Case Study 1: General Responsibility Designation
A contractor’s additional insured endorsements generically add the General responsibility of the Named Insured as an "included" contract. In a case in the 9th Circuit, the insurer asserted no duty to defend because the contract that called for the additional insured coverage by the words "General Responsibility." The court found that the contract required the "General Responsibility" and indeed, "General Responsibility" was a defined term under California law in the anti-indemnity statute. The insurer was forced to reconsider its position, and the result was that the parties settled for six figures.
(Security Ins. Co. v. A.F. Anderson Paving, Inc., 1993.)
Case Study 2: Contract Privity Requirement
In another case, the insured contractor had a "vendor’s" endorsement that included a "further indemnification" section that required "contract" and "contractual liability." The subcontractor fell short and not only failed to indemnify the general contractor, but it also did not name the insured as an additional insured. The insurer’s lawyers correctly declared a coverage position stating that the transaction was not a "contract" for purposes of California’s anti-indemnity statute, and the additional insured endorsement so provided. A motion for summary judgment by the insurer was granted, the case went to the 2nd District Court of Appeal where the decision was affirmed.
Case Study 3: Scope of Indemnification
A developer hired contractor to build apartments . In the contract, the contractor promised to defend and indemnify the landlord. The language was vague and did not specify damages. The insurer said the contract-based indemnity only applied to direct claims, and that the policies did not provide business risk coverage. Again, one way to address this problem is to add or amend the definition of "insured contract." However, in California one must comply with C.C.P. Section 431.20 which requires the party prevailing on a dispositive motion to serve a notice on the other party to provide a form of judgment for the court to approve. The insured refused to provide it, and the insurer so argued. The result was an order entered against the insurer for loss of equity in the property, attorneys’ fees, interest, and the exploratory damages of the insured and the general contractor.

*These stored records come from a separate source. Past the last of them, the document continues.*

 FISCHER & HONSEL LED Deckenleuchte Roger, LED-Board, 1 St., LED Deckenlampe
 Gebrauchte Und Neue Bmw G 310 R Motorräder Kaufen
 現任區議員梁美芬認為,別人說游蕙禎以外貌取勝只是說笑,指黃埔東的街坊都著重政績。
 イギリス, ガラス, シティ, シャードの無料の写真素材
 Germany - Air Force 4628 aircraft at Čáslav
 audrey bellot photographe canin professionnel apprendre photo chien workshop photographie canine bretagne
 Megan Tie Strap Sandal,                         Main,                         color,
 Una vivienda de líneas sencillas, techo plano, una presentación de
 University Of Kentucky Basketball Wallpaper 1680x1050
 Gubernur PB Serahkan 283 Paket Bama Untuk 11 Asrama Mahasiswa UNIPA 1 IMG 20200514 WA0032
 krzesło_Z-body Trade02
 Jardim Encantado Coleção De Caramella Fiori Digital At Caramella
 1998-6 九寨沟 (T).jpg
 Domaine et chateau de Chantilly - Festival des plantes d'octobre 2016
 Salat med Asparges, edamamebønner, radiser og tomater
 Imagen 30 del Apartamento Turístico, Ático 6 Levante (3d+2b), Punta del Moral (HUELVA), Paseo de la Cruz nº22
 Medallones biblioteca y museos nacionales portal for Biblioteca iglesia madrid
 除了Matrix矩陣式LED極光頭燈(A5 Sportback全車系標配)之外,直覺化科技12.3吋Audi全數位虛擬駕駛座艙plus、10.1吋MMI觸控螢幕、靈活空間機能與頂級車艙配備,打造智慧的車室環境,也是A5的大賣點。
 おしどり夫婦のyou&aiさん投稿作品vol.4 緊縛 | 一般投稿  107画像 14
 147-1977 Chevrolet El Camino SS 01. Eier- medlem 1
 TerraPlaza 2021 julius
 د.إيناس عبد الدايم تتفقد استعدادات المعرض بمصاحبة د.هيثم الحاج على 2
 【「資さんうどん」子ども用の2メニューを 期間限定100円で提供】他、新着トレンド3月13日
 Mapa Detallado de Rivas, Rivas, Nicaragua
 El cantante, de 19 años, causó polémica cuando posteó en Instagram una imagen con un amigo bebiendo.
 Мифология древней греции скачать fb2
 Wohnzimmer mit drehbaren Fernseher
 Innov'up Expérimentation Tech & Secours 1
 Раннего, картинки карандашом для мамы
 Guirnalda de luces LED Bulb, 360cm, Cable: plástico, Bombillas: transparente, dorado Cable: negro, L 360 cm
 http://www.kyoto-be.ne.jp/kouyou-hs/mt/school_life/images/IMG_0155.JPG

Case Study 4: Owner-Contractor Waivers
In another instance, an owner hired a contractor who hired a subcontractor. The contractor passed on to the subcontractor all of the owner’s indemnity requirements. The insured subcontractor did not obtain its own policies despite the owner’s mandate, and the tort claim was presented to the insured due to the failure of its uninsured subcontractor. The insurer denied the claim on multiple grounds, including failure to satisfy the waiver-of-subrogation as provided by C.C.P. Section 2778, and by arguing there was no coverage provided for possible indemnity under the employee exclusion. The decision was in favor of the insured and against the insurer.